Activity
Print exactly the lines below between the line holding "Zenergy Ball Chair" and the line holding "سورس کد منتشر", inclusive, and nothing more.

Records to use: Begin

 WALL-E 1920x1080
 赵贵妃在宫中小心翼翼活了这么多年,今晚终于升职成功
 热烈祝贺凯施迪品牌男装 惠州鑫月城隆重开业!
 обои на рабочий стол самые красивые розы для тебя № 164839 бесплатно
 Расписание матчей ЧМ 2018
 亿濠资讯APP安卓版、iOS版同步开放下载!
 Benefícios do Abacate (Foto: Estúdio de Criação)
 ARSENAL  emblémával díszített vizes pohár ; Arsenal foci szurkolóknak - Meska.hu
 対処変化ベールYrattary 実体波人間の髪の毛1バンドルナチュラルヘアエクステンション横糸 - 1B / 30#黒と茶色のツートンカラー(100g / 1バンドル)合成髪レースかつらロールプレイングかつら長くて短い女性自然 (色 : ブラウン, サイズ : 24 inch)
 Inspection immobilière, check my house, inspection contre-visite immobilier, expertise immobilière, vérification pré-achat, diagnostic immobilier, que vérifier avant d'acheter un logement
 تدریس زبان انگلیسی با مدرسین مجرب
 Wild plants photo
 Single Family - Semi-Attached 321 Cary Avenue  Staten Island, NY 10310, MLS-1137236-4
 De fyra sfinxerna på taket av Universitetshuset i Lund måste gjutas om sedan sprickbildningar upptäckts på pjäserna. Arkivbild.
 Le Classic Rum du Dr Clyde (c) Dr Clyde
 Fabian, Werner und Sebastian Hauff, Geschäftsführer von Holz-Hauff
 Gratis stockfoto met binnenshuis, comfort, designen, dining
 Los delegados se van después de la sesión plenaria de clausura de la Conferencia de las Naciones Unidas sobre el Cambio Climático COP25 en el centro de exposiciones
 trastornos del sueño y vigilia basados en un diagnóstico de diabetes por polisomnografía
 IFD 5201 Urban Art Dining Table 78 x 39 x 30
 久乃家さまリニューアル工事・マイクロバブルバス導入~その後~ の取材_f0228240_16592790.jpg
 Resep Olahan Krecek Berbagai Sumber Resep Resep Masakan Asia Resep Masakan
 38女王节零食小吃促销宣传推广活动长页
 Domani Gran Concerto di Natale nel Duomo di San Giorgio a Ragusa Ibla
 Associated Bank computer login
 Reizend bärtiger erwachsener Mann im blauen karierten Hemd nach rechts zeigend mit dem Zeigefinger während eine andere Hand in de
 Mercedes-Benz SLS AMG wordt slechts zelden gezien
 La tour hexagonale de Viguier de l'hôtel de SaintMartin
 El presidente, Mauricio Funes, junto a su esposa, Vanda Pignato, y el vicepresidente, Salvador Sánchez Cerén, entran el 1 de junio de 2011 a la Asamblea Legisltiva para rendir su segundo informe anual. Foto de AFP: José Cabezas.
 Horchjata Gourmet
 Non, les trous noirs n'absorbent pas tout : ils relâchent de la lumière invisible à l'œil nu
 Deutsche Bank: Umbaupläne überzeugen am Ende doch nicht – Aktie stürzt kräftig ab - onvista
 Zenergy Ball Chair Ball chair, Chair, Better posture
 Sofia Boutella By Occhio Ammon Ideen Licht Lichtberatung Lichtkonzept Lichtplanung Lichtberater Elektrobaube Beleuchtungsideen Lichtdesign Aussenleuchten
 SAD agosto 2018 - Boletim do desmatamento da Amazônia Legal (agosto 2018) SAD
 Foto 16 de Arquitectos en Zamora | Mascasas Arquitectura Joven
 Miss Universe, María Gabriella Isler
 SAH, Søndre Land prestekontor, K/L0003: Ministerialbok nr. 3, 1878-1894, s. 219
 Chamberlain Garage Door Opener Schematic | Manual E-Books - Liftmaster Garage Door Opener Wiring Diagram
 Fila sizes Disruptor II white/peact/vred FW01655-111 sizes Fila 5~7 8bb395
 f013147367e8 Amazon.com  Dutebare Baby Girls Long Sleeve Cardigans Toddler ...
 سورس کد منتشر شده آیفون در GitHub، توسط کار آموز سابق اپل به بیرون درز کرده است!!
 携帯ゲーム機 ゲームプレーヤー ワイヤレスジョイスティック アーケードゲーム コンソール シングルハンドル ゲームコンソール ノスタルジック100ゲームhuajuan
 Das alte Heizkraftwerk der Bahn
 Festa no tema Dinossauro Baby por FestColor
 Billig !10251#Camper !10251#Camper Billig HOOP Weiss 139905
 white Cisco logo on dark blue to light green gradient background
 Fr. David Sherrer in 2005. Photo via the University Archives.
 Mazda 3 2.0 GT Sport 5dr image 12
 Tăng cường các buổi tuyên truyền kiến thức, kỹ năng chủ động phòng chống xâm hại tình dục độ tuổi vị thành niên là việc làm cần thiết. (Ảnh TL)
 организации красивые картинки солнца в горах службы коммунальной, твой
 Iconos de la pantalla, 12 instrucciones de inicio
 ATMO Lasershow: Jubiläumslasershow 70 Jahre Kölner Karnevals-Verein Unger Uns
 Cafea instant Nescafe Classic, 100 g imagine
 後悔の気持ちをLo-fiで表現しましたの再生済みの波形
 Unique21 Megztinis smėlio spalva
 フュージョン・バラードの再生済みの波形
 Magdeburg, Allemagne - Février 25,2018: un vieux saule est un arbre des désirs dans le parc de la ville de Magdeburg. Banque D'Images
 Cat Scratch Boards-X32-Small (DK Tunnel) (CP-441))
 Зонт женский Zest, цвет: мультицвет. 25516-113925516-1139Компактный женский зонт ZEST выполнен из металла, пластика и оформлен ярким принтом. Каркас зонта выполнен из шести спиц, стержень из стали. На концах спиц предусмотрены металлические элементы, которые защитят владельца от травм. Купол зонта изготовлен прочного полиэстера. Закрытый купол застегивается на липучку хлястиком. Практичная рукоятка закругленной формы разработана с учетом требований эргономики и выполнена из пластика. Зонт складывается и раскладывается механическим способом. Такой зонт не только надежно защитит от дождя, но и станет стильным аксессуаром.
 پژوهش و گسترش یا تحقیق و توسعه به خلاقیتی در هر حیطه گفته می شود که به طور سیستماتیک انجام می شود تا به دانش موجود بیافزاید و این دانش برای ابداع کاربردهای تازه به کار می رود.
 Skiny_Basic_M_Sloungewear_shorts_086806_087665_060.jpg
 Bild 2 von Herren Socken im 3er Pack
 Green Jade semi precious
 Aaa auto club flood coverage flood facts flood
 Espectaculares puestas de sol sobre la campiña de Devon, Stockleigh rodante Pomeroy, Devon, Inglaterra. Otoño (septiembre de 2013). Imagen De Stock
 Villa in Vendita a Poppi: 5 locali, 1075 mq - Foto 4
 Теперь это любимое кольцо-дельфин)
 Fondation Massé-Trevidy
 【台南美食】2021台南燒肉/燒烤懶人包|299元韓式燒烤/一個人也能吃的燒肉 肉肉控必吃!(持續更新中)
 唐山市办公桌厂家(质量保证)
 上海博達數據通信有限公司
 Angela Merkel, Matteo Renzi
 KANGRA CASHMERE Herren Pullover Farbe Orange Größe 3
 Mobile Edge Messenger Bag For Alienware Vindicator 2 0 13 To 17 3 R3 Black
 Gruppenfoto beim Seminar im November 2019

Records to use: End

Answer area
 Zenergy Ball Chair Ball chair, Chair, Better posture
 Sofia Boutella By Occhio Ammon Ideen Licht Lichtberatung Lichtkonzept Lichtplanung Lichtberater Elektrobaube Beleuchtungsideen Lichtdesign Aussenleuchten
 SAD agosto 2018 - Boletim do desmatamento da Amazônia Legal (agosto 2018) SAD
 Foto 16 de Arquitectos en Zamora | Mascasas Arquitectura Joven
 Miss Universe, María Gabriella Isler
 SAH, Søndre Land prestekontor, K/L0003: Ministerialbok nr. 3, 1878-1894, s. 219
 Chamberlain Garage Door Opener Schematic | Manual E-Books - Liftmaster Garage Door Opener Wiring Diagram
 Fila sizes Disruptor II white/peact/vred FW01655-111 sizes Fila 5~7 8bb395
 f013147367e8 Amazon.com  Dutebare Baby Girls Long Sleeve Cardigans Toddler ...
 سورس کد منتشر شده آیفون در GitHub، توسط کار آموز سابق اپل به بیرون درز کرده است!!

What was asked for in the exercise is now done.